At the first-ever Women's March on Washington three years ago, the day after President Donald Trump's inauguration, nearly half a million people swarmed the nation's capital to stand up for the rights of women and marginalized groups. The event spawned from a post in Pantsuit Nation, a Facebook group for Hillary Clinton supporters, and quickly evolved into a worldwide intersectional feminist movement with millions of supporters.

Now, controversial ties between leaders of the Women's March and Louis Farrakhan, the leader of the African-American political and religious movement the Nation of Islam, have created serious rifts within the movement.

To summarize: Women's March Co-Chair Tamika Mallory attended the Nation of Islam's Saviour Day in February of 2018. At this event, Farrakhan made several anti-Semitic statements. The Anti-Defamation League, a non-profit organization that fights anti-Semitism and other forms of hate, reported Mallory's presence at the event. Critics accused Mallory and other leaders of the Women's March for endorsing Farrakhan's statements, or at least failing to condemn them. The founder of the Women's March called for all four co-chairs to resign. They didn't, and drama ensued.

According to the Daily Beast, fewer than half of the Women's March's 550 partners from 2018 are returning this year. Some notable absences are the Democratic National Committee, EMILY's List, and the Southern Poverty Law Center, which identifies the Nation of Islam as a hate group. Only 6,300 have marked themselves as "Going" to this year's Women's March on Washington on Facebook.

Mallory, a strong believer in Kingian non-violence, has stood firm in her refusal to condemn Farrakhan. In an interview with the Breakfast Club, she said that she has never even condemned the men who killed the father of her son, and she would never denounce the prisoners she works with. She would rather fight systems of oppression than individual people, she said.

Mallory also emphasized that she does not agree with Farrakhan's statements, she believes anti-Semitism is a problem, and she thinks it's imperative for Jews and black people to find ways to work together.

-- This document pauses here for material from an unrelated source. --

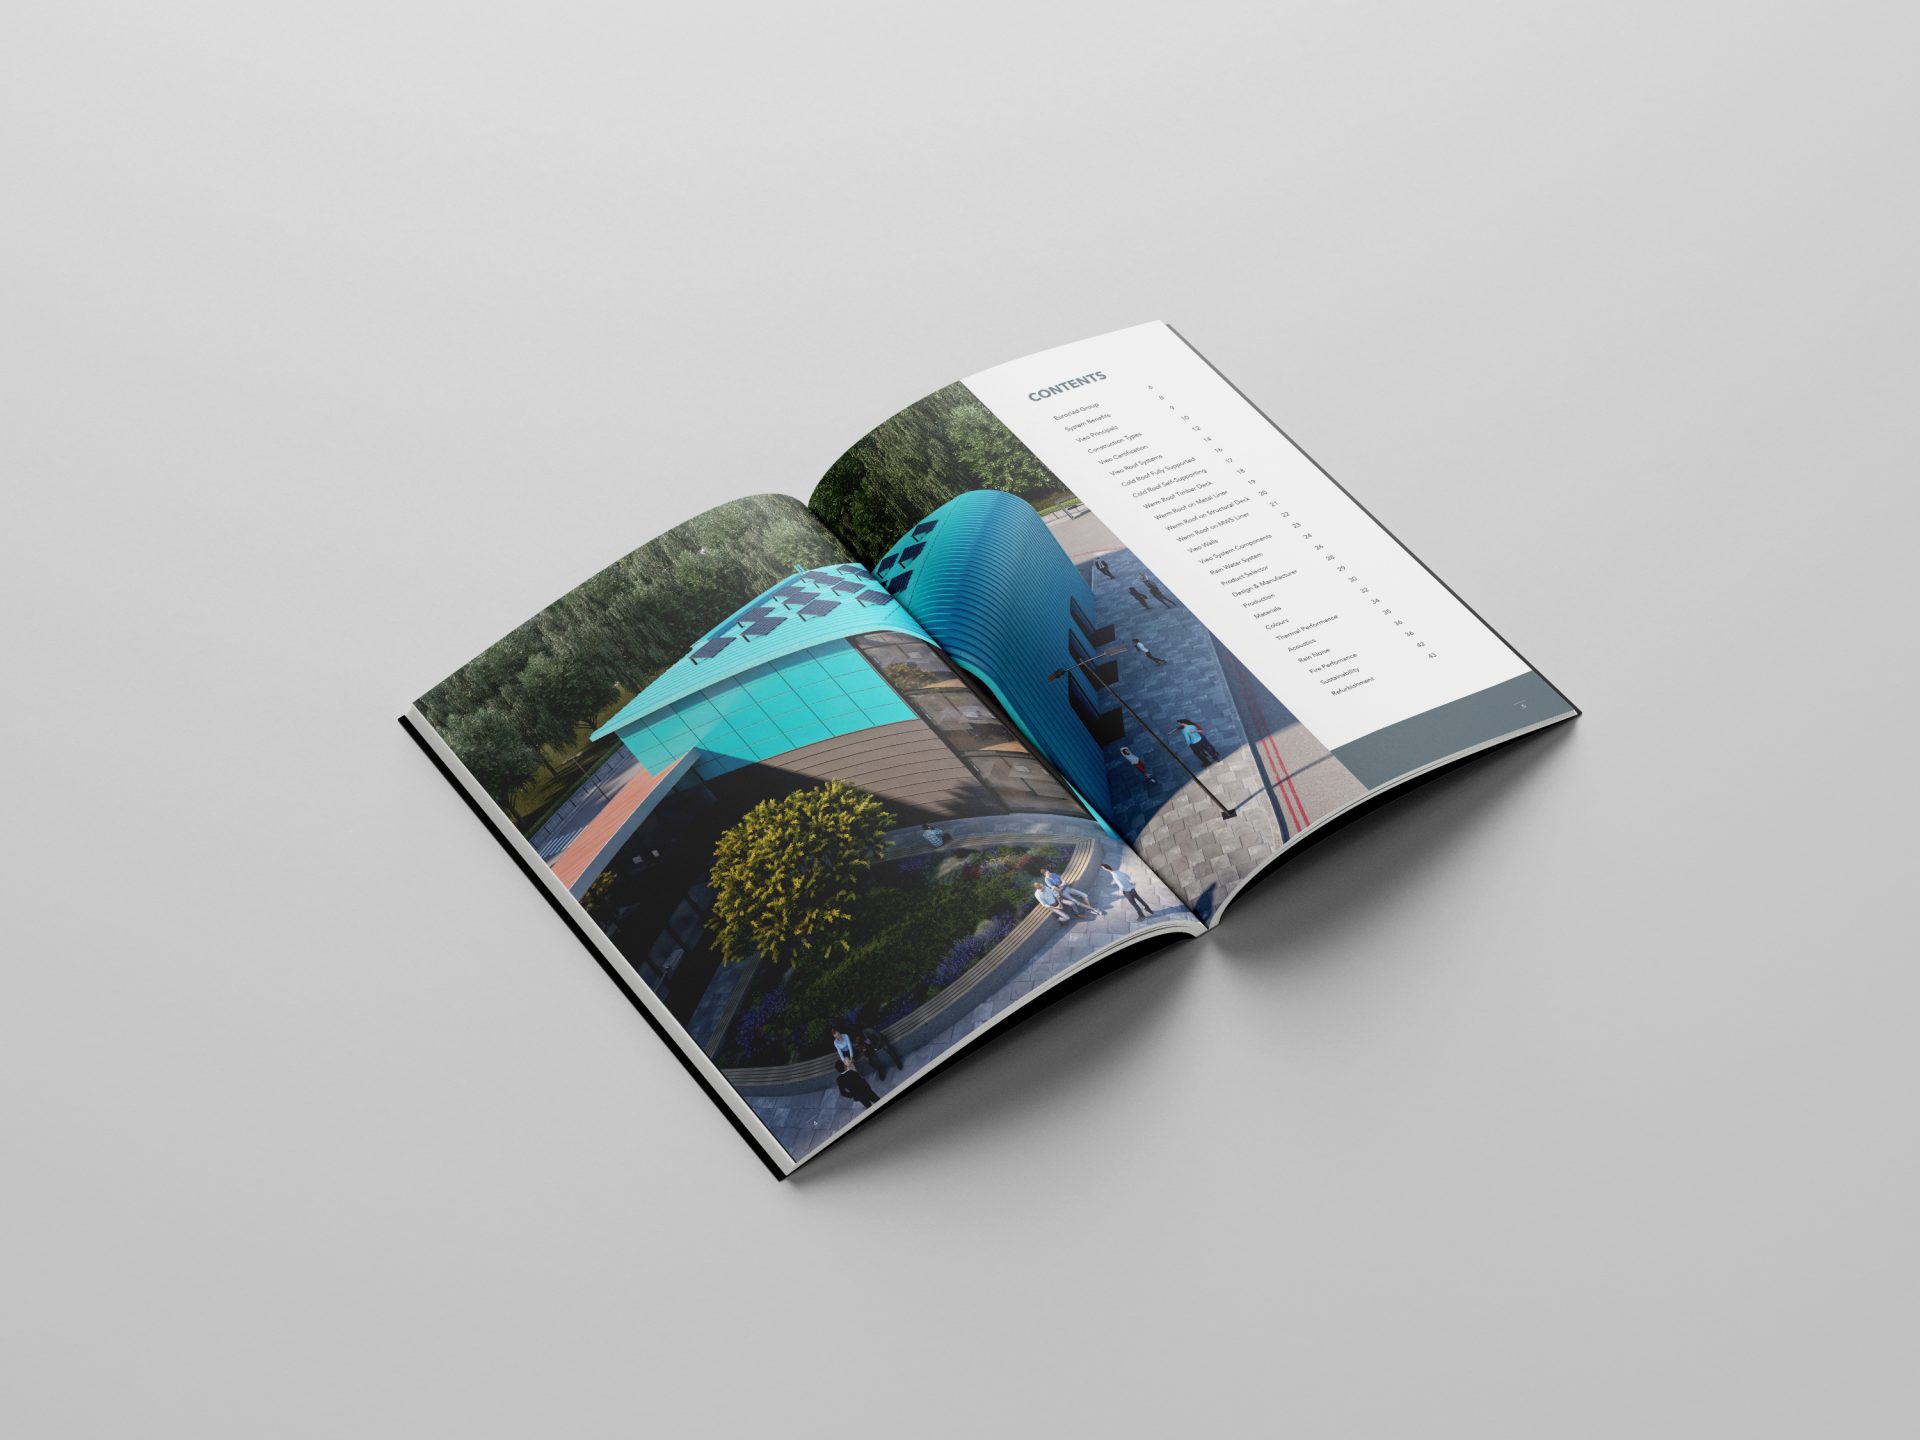 VIEO brochure designed using CGI images by Do Digital Agency

"Whatever I have to endure, the bottom line for me is that the work that I was very particular about us getting done was that there would not be a new wave of feminism to happen in this country where women of color were not in the center of [it]," Mallory told the Breakfast Club. "And no matter what I have to take, the abuse, the misunderstanding, the mischaracterization, and the lies ... I will take that if it means ensuring that my people have a seat at the table."